You are viewing a plain text version of this content. The canonical link for it is here.

Posted to dev@lucene.apache.org by Halácsy Péter <ha...@axelero.com> on 2002/03/03 01:10:13 UTC

RE: Proposal for Lucene / new component

> -----Original Message-----
> From: Andrew C. Oliver [mailto:acoliver@apache.org]
> Sent: Tuesday, February 26, 2002 2:13 PM
> To: Lucene Developers List
> Subject: Re: Proposal for Lucene / new component
> 
> 
> Humm.  Well said.  I'm not against using Avalon.  My approach to
> software is this though:  Get a working draft.  Refactor it into that
> *stand the test of time* for your second or third release.  Things
> change...iterate.  Not against a super configurable masterpiece...but
> first I want to crawl and index web pages over httpd in various
> pluggable mime formats.. Once we get there...
> 

Hello,
I had been abroad last week and it took at least 30 min to read the discussion about avalon. It's great!

Someone mentioned that Avalon is only used by Cocoon. Well, we are using cocoon and I'm very happy that it is Avalon based. I think that is the main reason of flexibility. BTW Cocoon uses Lucene, pls refer to http://xml.apache.org/cocoon/userdocs/generators/search-generator.html

I think if you need logging, configuring, threading, pooling (for the crawler) and want to be component based you need a framework some thing like avalon. It took one day to understand Avalon and write the first Hello world application but you can save a lot of time while coding.

Iteration is very good practica in software development and can be applied to avalon based application as well.
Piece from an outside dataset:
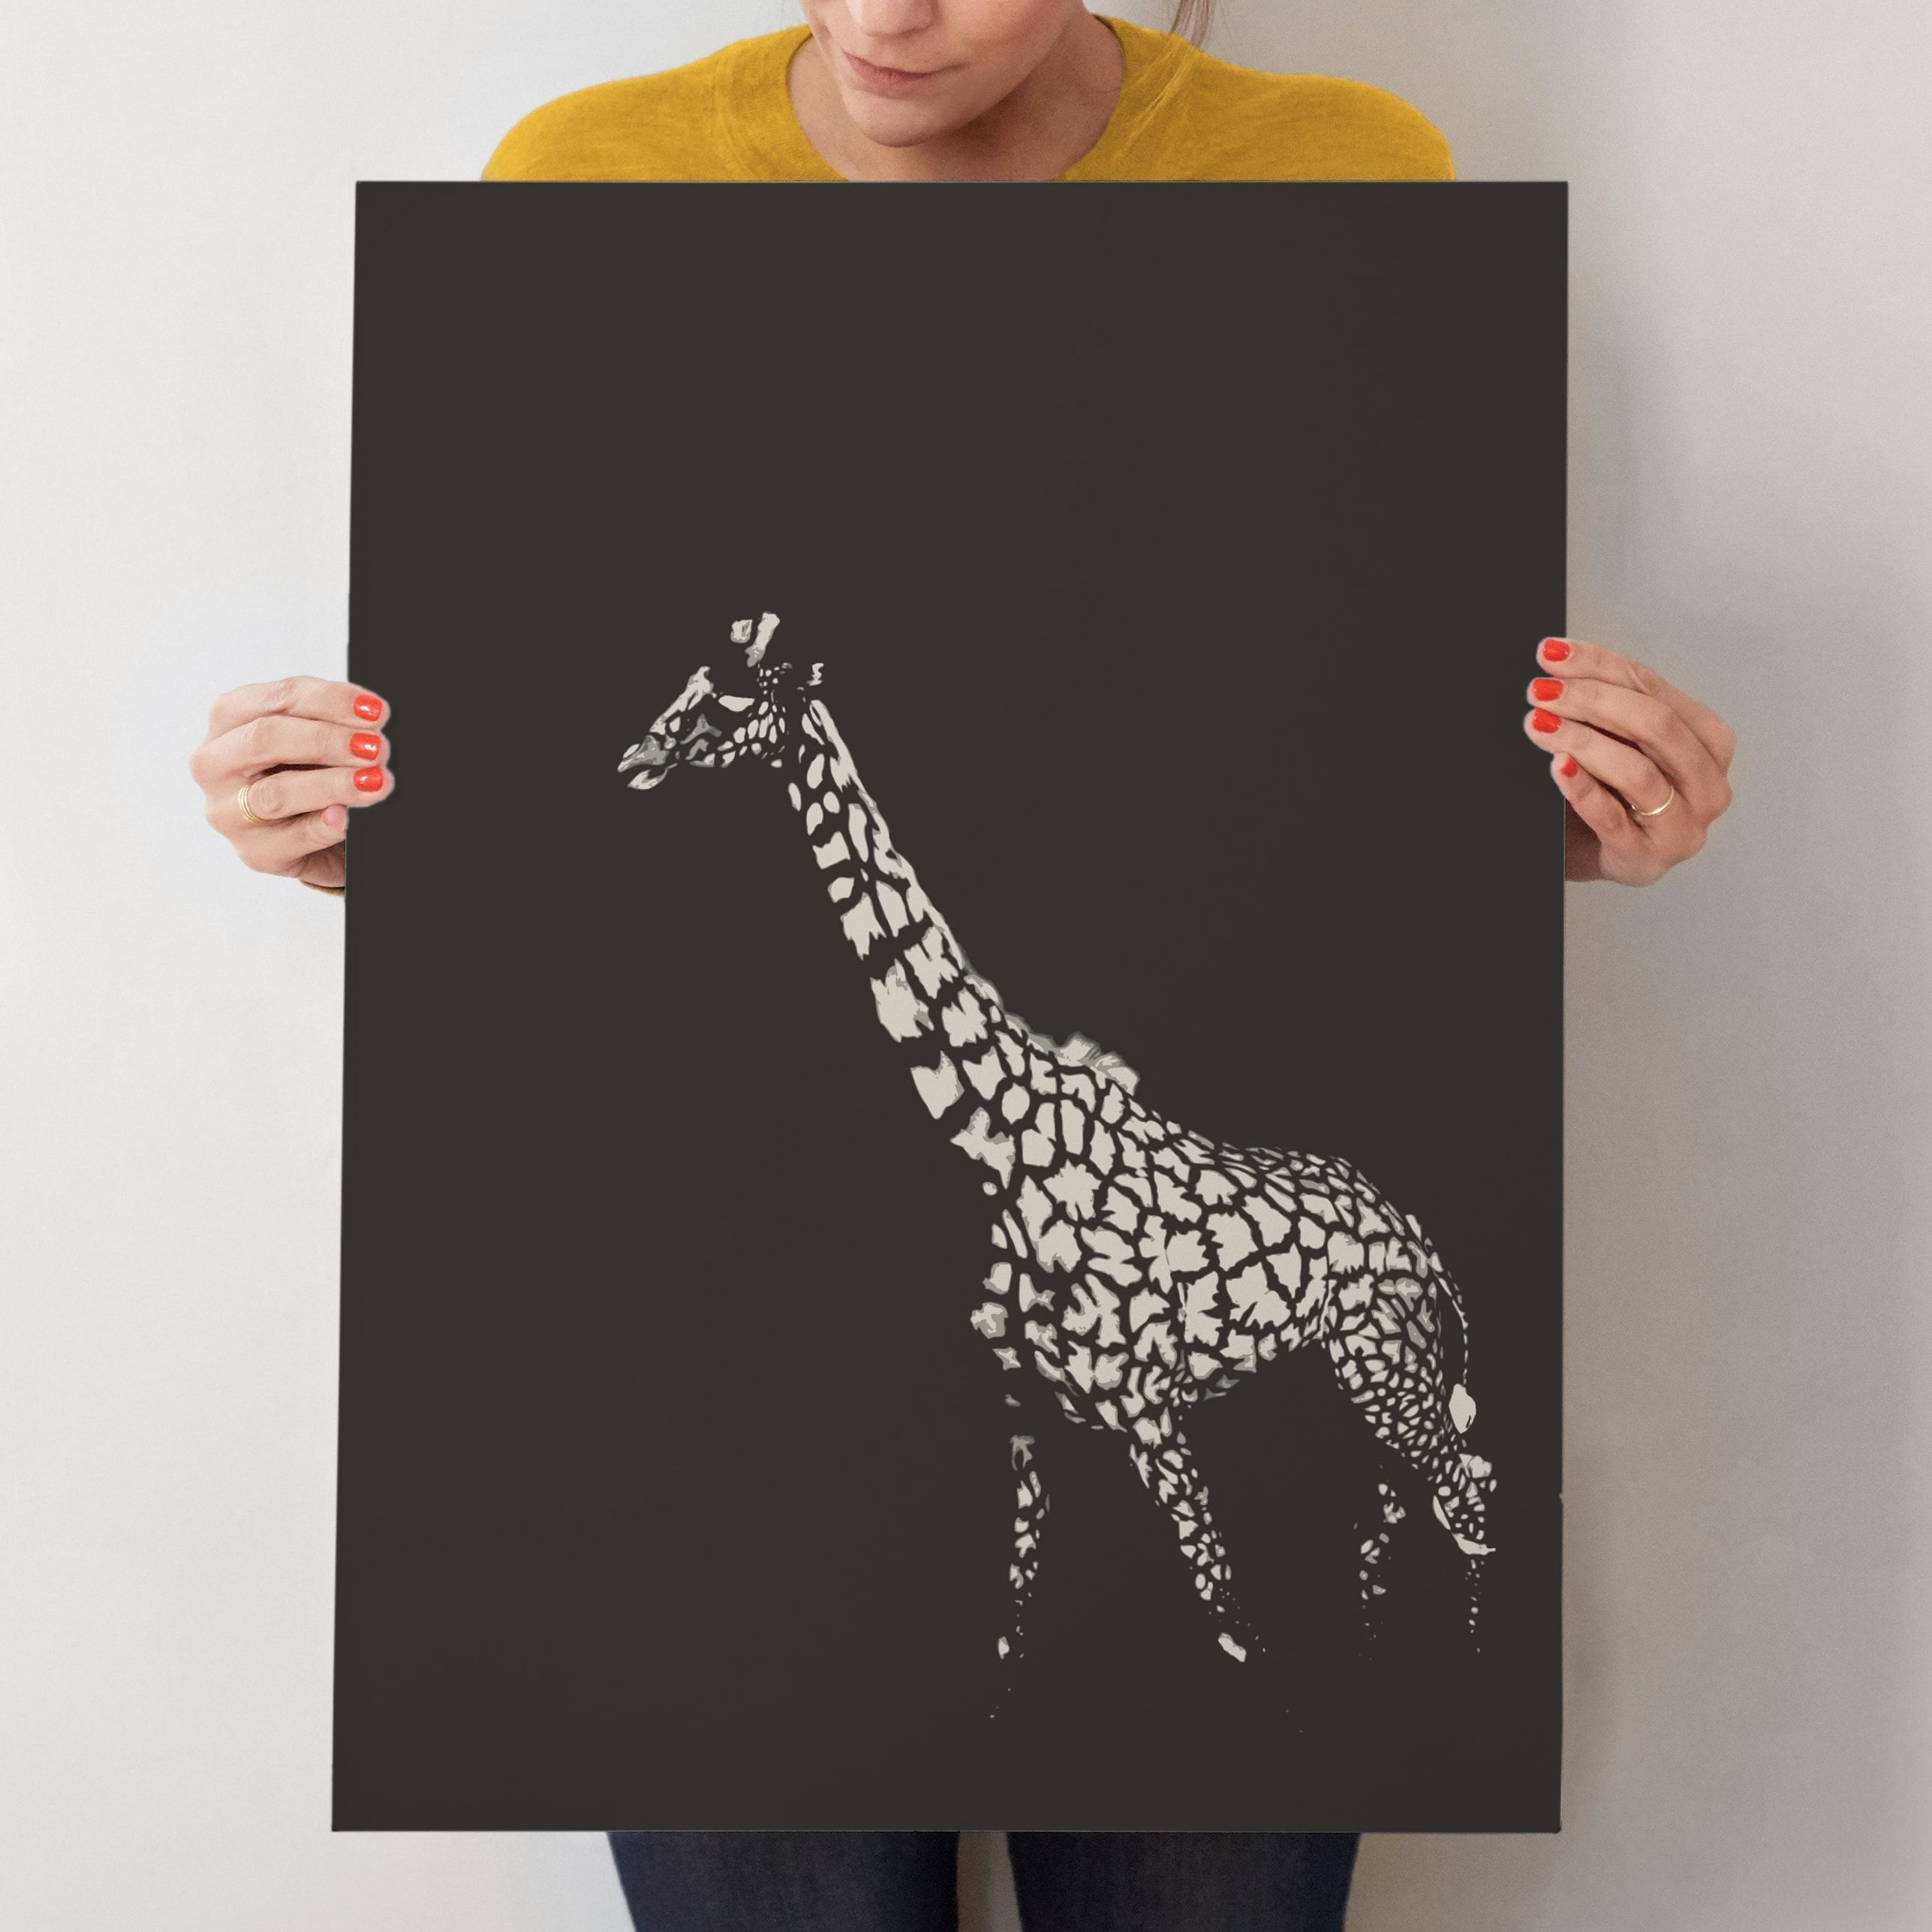 "fading giraffe" - Graphic Limited Edition Art Print by Erin Niehenke. | Minted

First you should only write interfaces. First time you can implement fake component that works like the a real one. After a while you can change the working component by rewriting the config file.

For example I think the http crawler is built from more than one component:
1. the fetcher that connects to the webserver, gets the page from the url
responsible for: downloading the page as is (handling network errors), handling HTTP status codes (for example redirects)

configurable by: proxy server, max open sockets

2. component that parses the fetched page and extract relevant metadata

3. a component that is an interface to the loader; it gets the fetched and parsed pages from the parser (or gets command from the fetcher to delete pages from the search database)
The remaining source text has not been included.